FileStore

Patrick Hochstenbach edited this page Jun 22, 2017 · 19 revisions

Stores are Catmandu packages to store Catmandu Items in a database. A FileStore is a Store where you can store binary content (unstructured data). Out of the box, one FileStore implementation is provided: File::Simple which stores files in a directory structure on the local file system.

The command below stores the /tmp/myfile.txt in the File::Simple FileStore in the "container" 1234 with the file identifier myfile.txt:

$ catmandu stream /tmp/myfile.txt to File::Simple --root t/data --bag 1234 --id myfile.txt

The root parameter is mandatory for the File::Simple FileStore. It defines the location where all stored files are written. The other two parameters bag and id are mandatory for every FileStore (see below).

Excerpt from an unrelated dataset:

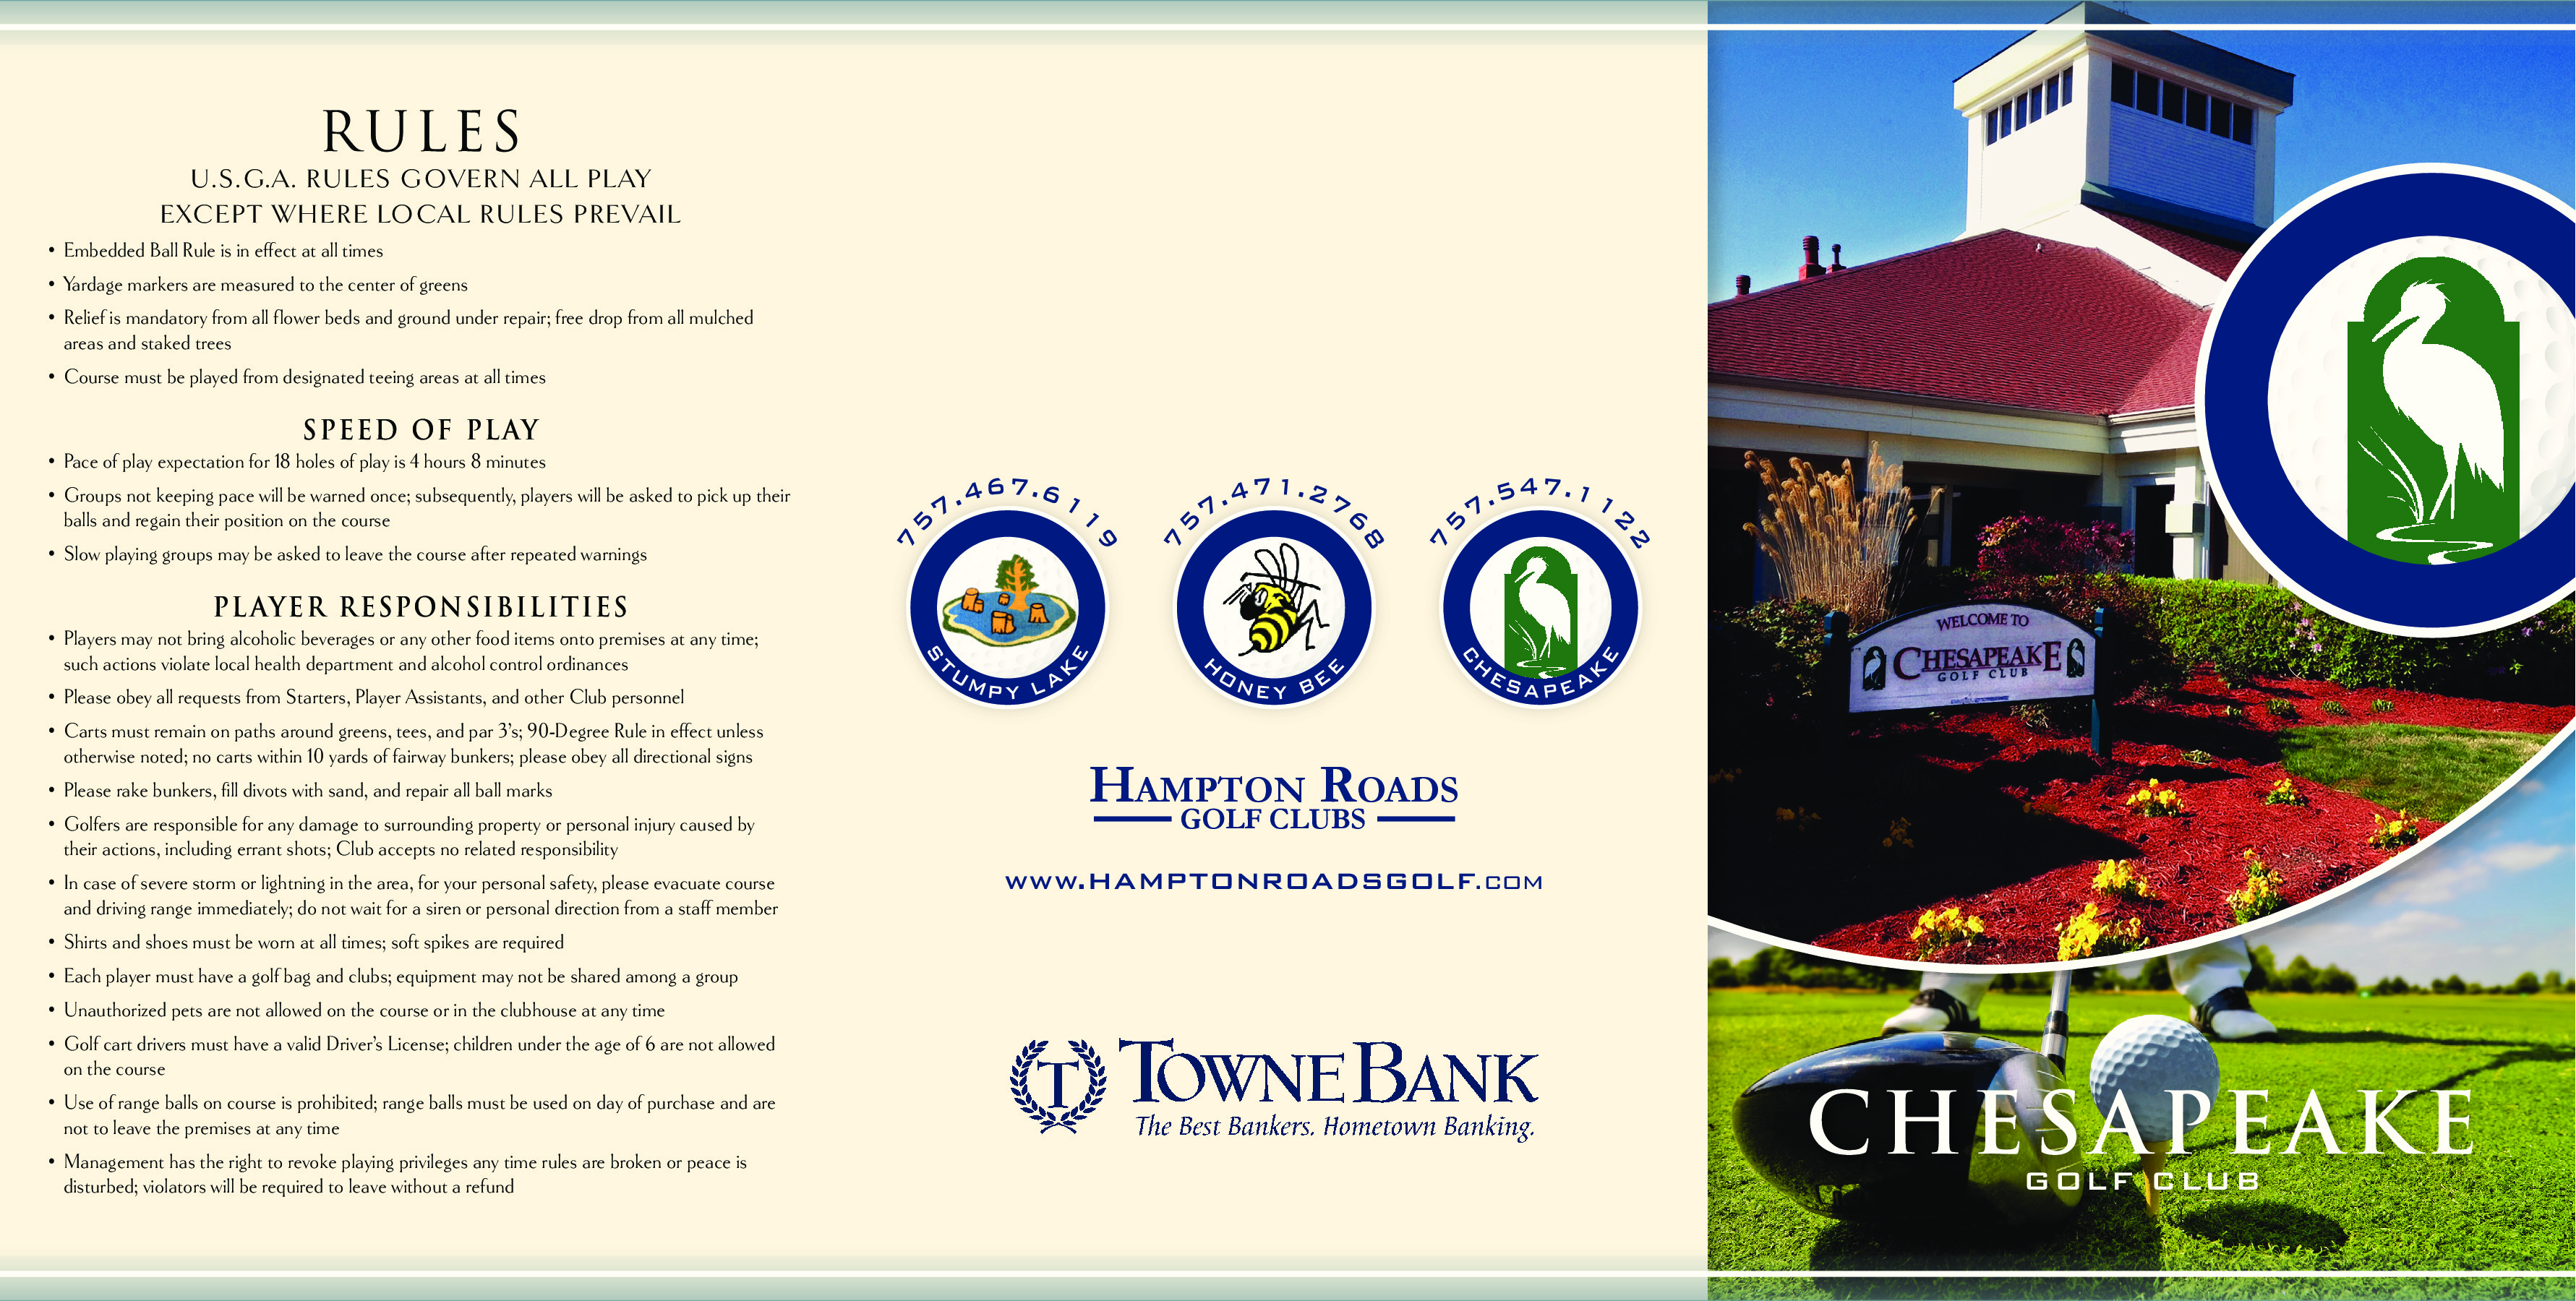 57090_Chesapeake_Scorecard_proof (1)-page-0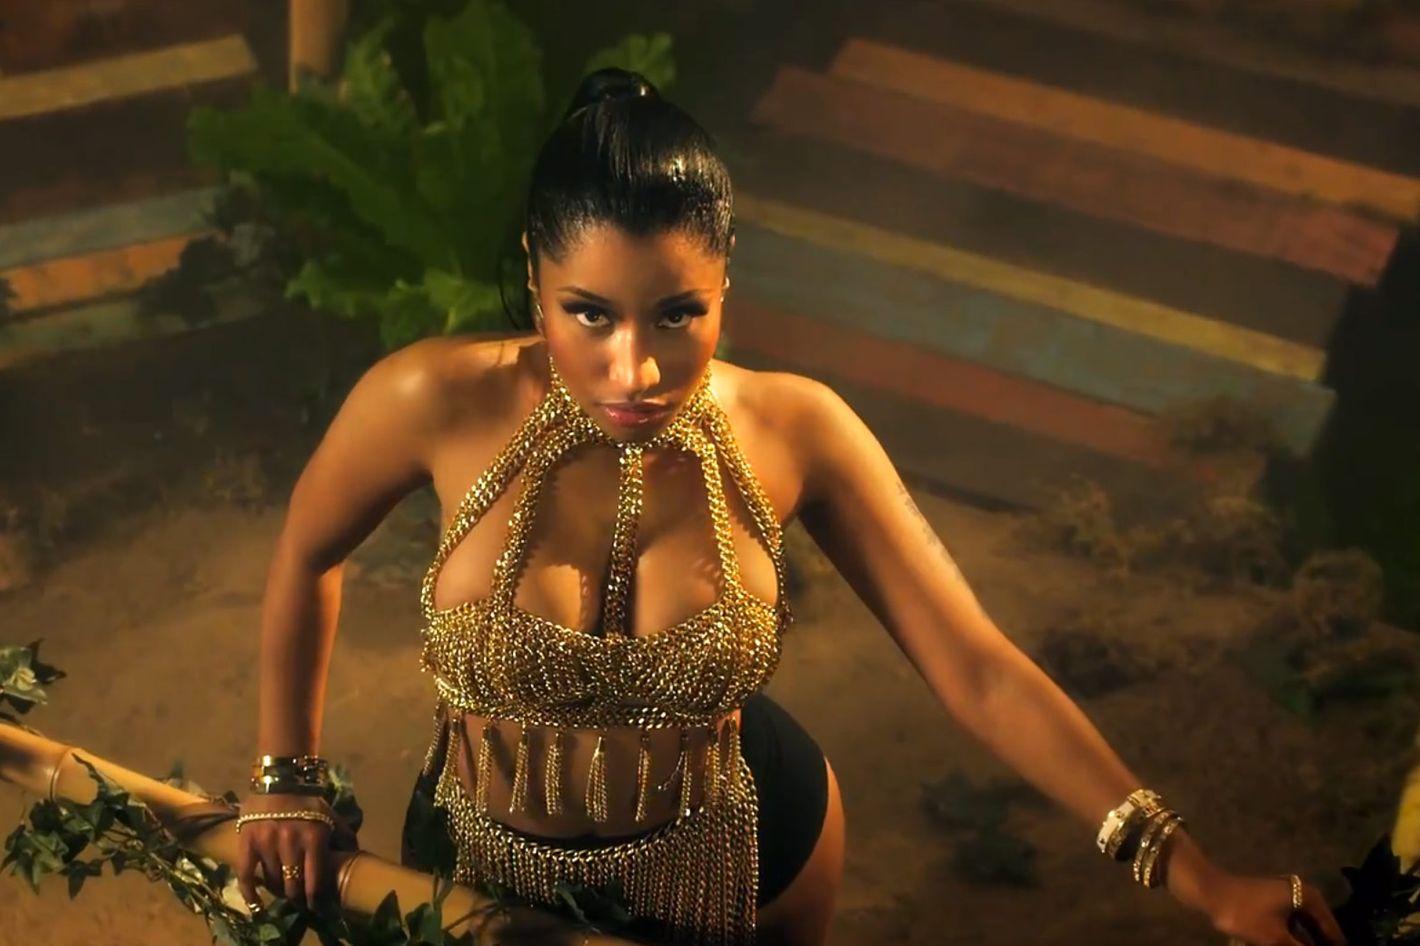 Nicki Minaj's 'Anaconda' Video Is Not Pandering to the Male Gaze

To extract a file from a FileStore the stream command can be used in the opposite direction:

$ catmandu stream File::Simple --root t/data --bag 1234 --id myfile.txt to /tmp/myfile.txt

From the File::Simple the file myfile.txt is extracted from the container with identifier 1234.

Every FileStore inherits the functionality of a Store. In this way the drop and delete commands can be used to delete data from a FileStore:

# Delete a "file"
$ catmandu delete File::Simple --root t/data --bag 1234 --id myfile.txt

# Delete a "folder"
$ catmandu drop File::Simple --root t/data --bag 1234

Bag

A FileStore contains one or more Bags. These Bags are containers (or "folders") to store zero or more files. The name of these container, indicated with the bag option in the Catmandu commands, is an identifier. In the case of the File::Simple this identifier needs to be a number, or when setting the uuid option a UUID identifier.

The binary data (files) stored in these Bags also needs an identifier, indicated with the id option. Usually the file name is a good choice to use.

Both the bag name option and id options are required when uploading or streaming data from a FileStore.

Within a FileStore Bag there is no deeper hierarchy possible. A Bag contains a flat list of files. To store deeply nested folders and files, mechanisms such as ZIP files need to be created and imported.

$ zip -r /tmp/files.zip /mnt/data/files
$ catmandu stream /tmp/files.zip --root t/data --bag 1234 --id files.zip

Index

Every FileStore has a default Bag called index which contains a list of all available Bags in the store (like the listing of all folders). Using the export command a listing of bags can be requested from the FileStore:

$ catmandu export File::Simple --root t/data to YAML

To retrieve a listing of all files stored in a bag the bag option needs to be provided:

$ catmandu export File::Simple --root t/data --bag 1234 to YAML

Technical Metadata

Each Bag ("container") in a FileStore contains at least the _id as metadata. Some FileStores may contain more metadata. To retrieve a listing of all containers use the export command on the FileStore:

$ catmandu export File::Simple --root t/data 
[{"_id":"1234"},{"_id":"1235"},{"_id":"1236"}]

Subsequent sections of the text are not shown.